The Wolves have taken our warm furs and given for them evil
spirits which dwell in bottles, and clothes which come not from
the beaver or the lynx, but are made from the grass.

And they are not warm, and our men die of strange sicknesses. I,
the Fox, have taken no woman to wife; and why? Twice have the
maidens which pleased me gone to the camps of the Wolf. Even now
have I laid by skins of the beaver, of the moose, of the cariboo,
that I might win favor in the eyes of Thling-Tinneh, that I might
marry Zarinska, his daughter. Even now are her snow-shoes bound
to her feet, ready to break trail for the dogs of the Wolf. Nor
do I speak for myself alone.

As I have done, so has the Bear. He, too, had fain been the
father of her children, and many skins has he cured thereto. I
speak for all the young men who know not wives. The Wolves are
ever hungry. Always do they take the choice meat at the killing.
To the Ravens are left the leavings.

'There is Gugkla,' he cried, brutally pointing out one of the
women, who was a cripple.

'Her legs are bent like the ribs of a birch canoe. She cannot
gather wood nor carry the meat of the hunters. Did the Wolves
choose her?' 'Ai! ai!' vociferated his tribesmen.

'There is Moyri, whose eyes are crossed by the Evil Spirit. Even
the babes are affrighted when they gaze upon her, and it is said
the bald-face gives her the trail.

Was she chosen?' Again the cruel applause rang out.

'And there sits Pischet. She does not hearken to my words. Never
has she heard the cry of the chit-chat, the voice of her husband,
the babble of her child.

'She lives in the White Silence. Cared the Wolves aught for her?
No! Theirs is the choice of the kill; ours is the leavings.

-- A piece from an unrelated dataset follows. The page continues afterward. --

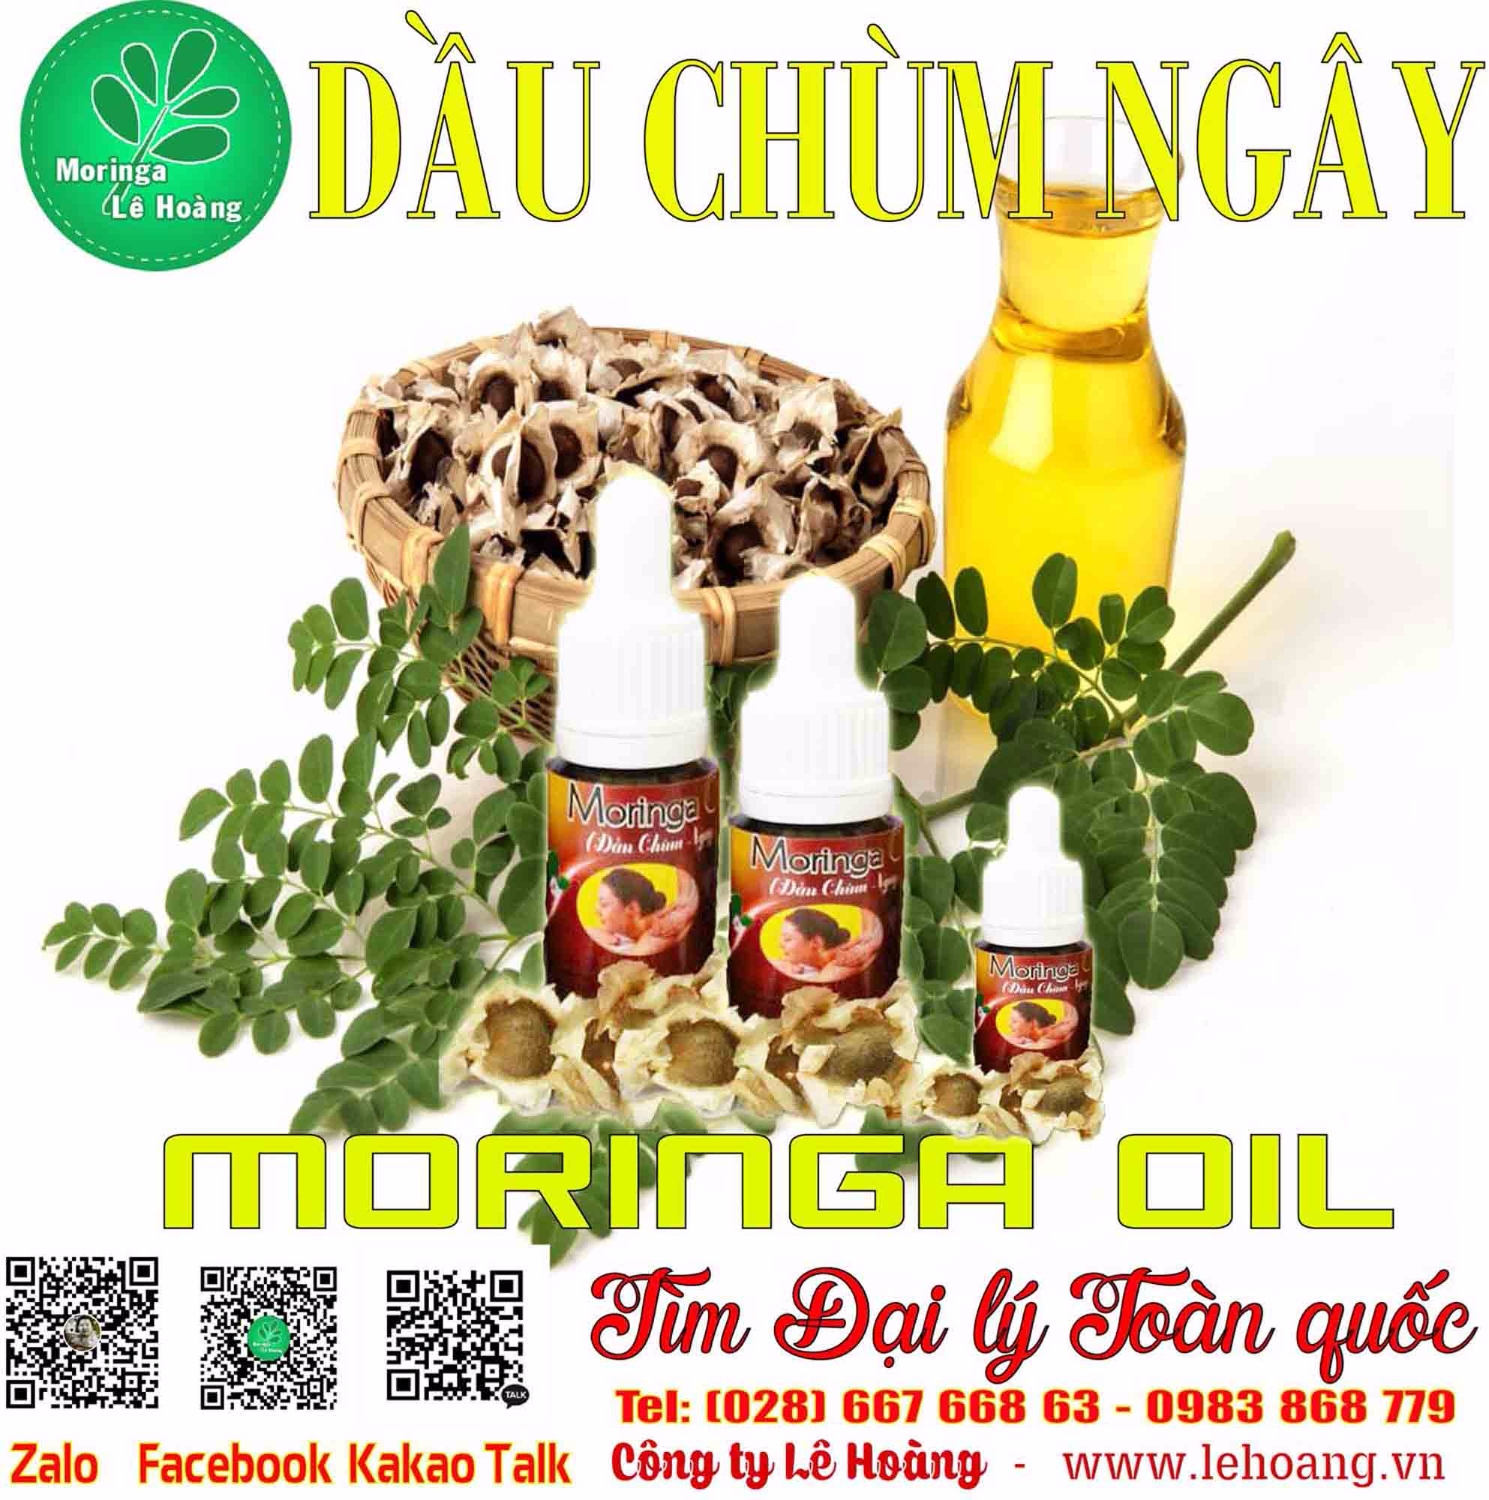 Cách sử dụng, Công dụng Tinh Dầu Chùm ngây (Moringa Seed Oil)

'Brothers, it shall not be! No more shall the Wolves slink among
our campfires. The time is come.' A great streamer of fire, the
aurora borealis, purple, green, and yellow, shot across the
zenith, bridging horizon to horizon. With head thrown back and
arms extended, he swayed to his climax.

'Behold! The spirits of our fathers have arisen and great deeds
are afoot this night!' He stepped back, and another young man
somewhat diffidently came forward, pushed on by his comrades. He
towered a full head above them, his broad chest defiantly bared
to the frost. He swung tentatively from one foot to the other.

Words halted upon his tongue, and he was ill at ease. His face
was horrible to look upon, for it had at one time been half torn
away by some terrific blow. At last he struck his breast with his
clenched fist, drawing sound as from a drum, and his voice
rumbled forth as does the surf from an ocean cavern.

'I am the Bear,--the Silver-Tip and the Son of the Silver-Tip!
When my voice was yet as a girl's, I slew the lynx, the moose,
and the cariboo; when it whistled like the wolverines from under
a cache, I crossed the Mountains of the South and slew three of
the White Rivers; when it became as the roar of the Chinook, I
met the bald-faced grizzly, but gave no trail.' At this he
paused, his hand significantly sweeping across his hideous scars.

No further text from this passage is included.